Ok, I am going to try crafting defense without simply citing other papers.
First, realize that two of the articles are written by the same person. Bruce Barttlett has seemed to spend a considerable amount of effort arguing against FairTax. He starts off his article in the WSJ by mentioning Scientology to discredit it on purely emotional terms. While the COS did promote its own sales taxed based system to avoid its legal troubles with the IRS, it evolved
separately than FairTax. (1) No legitimate criticism would include such blatant smear tactics and exposes his bias. Later in the article, Bartlett states "The FairTax does this by sending monthly checks to every household
based on income." He then continues this assertion later in the article. That is completely false. The FairTax plan sends out prebates regardless of income. With Bartlett being both biased and uninformed, I see no reason to debate him and will concentrate on the FactCheck article.
I have used FactCheck.org before and have no initial reason to raise any bias. They spend much of their article explaining the inclusive/exclusive rate. I very much agree with them that it is very easy to misinterpret. FairTax obviously choose the lower sounding rate while its detractors chose the higher sounding one. I also see no reason to get into a numbers game. While both attractors and detractors can cite academic papers to sway the numbers, FactCheck.org has seemed to try to find a balance.
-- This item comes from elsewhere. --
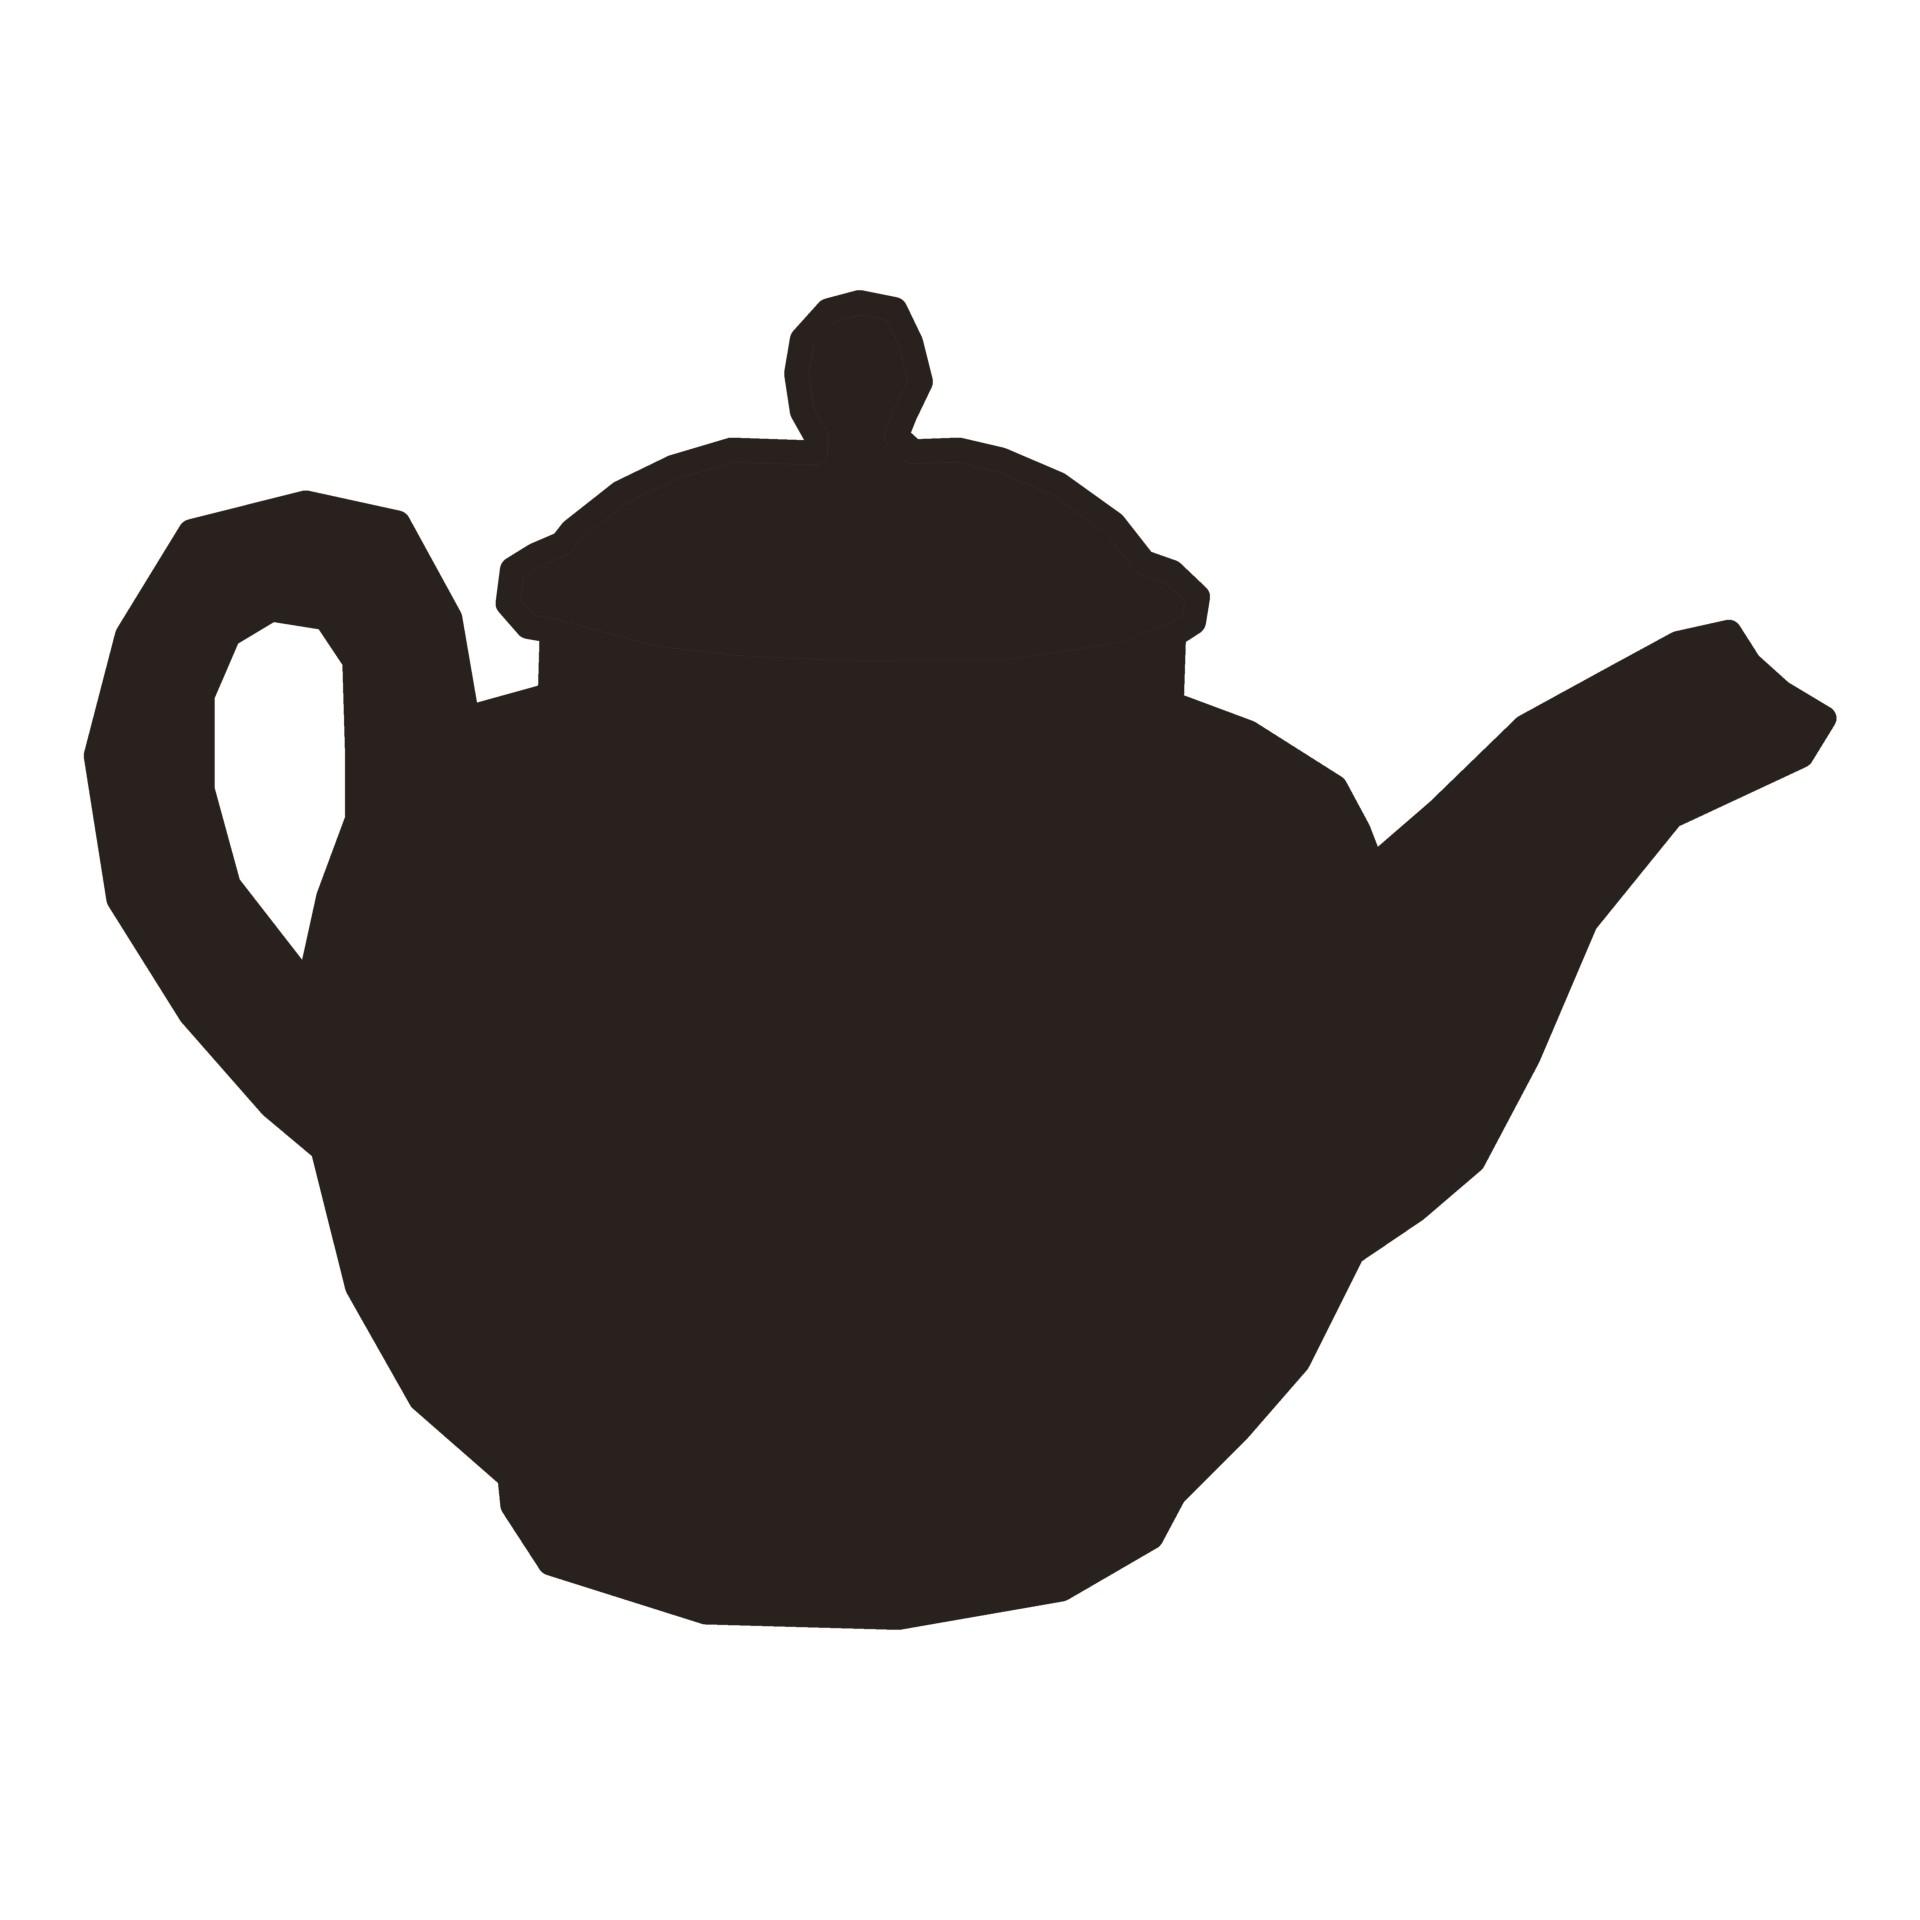 1920x1920 Teapot Silhouette Ii Free Stock Photo
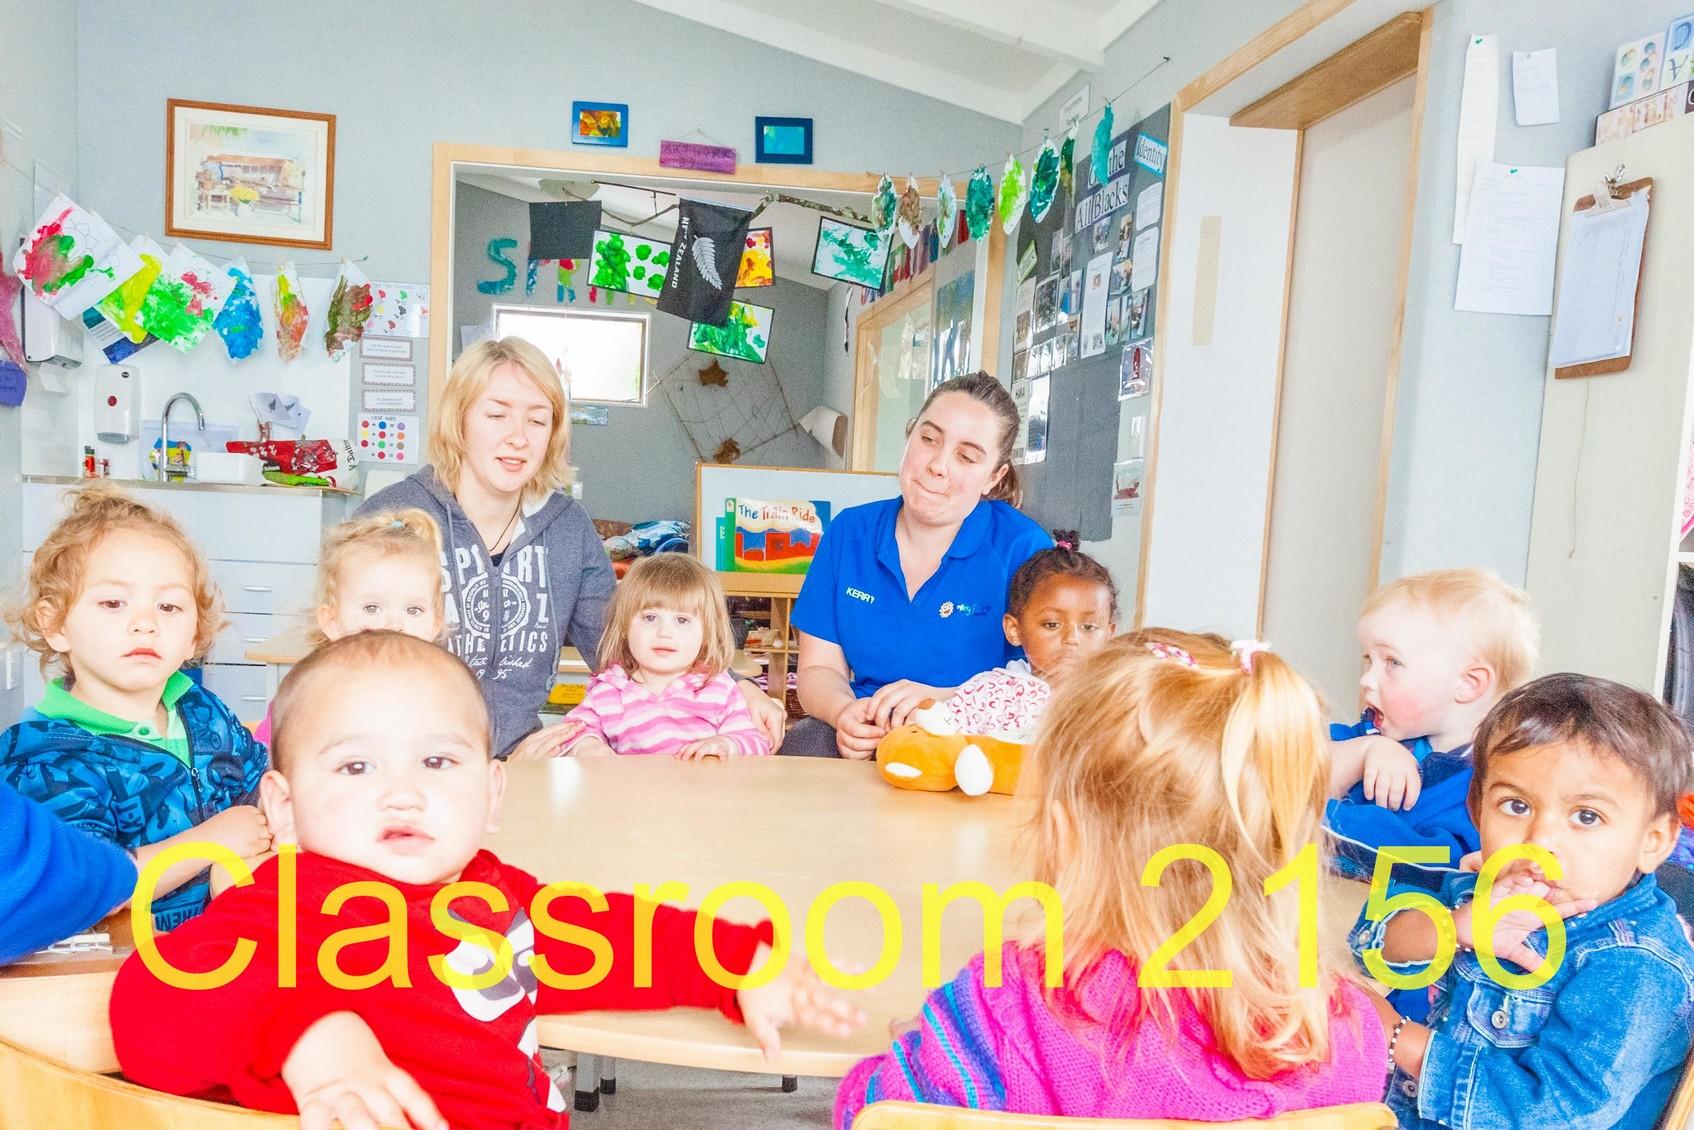 Classroom 2156

The biggest problem I have with the paper is its last sentence, "It is possible that the FairTax would make most people better off, but much of that gain would be a direct result of making the tax code less fair." They seem to be stating that since the tax burden on those earning $15k-$200k (the vast majority of Americans) would raise, that this would be unfair. Are they trying to argue that those earning more than $200k should be taxed more than they are?
When developing these figures of the share of tax burden they rely on a Treasury Department study that never released how they came about the numbers. That hardly seams like a great source. Later the article goes on to state that the share of tax burden actually isn't that important and that you should look at tax rate. Why even bring up tax burden?
Looking at the article as a whole, it seems like most of the problem with it involves confusion with the tax rate and opposed to a debasing of the economic advantages. This is a great thing for FactCheck.org to do (help us see through some of the political rhetoric of campaign season), but does not represent a rigorous academic study of the effects of the plan.
At the end of the day, the fed must raise the same amount of money. The question is where to take it from. We must look at the incentives and constraints (yes, I have read/am reading Sowell's books) of any economic system before deciding on it. For example, The FairTax plan removes the incentive for companies to move jobs overseas to avoid paying income tax. It provides more incentive for people to save because there would be no more capital gains tax. Companies would no longer have to calculate the tax implications of its options and just make decisions on stakeholder value. Hundreds of millions of people would not have to hire tax prepares every year. The article article glances over these by mentioning an increase in the economy, but then tries to dismiss it by saying that it is not "fair."
The biggest challenge to overcome would be the transition and informing everyone of how the new system worked.
Remember, two large states (FL &TX) already derive their entire income from sales tax. If they can, why can't the federal government?
(1) The response is about half the way down the article. I wish I could find a more neutral source, but proving non-association is much harder than association. The burden must be on the one making the claim and Bartlett gives no sources.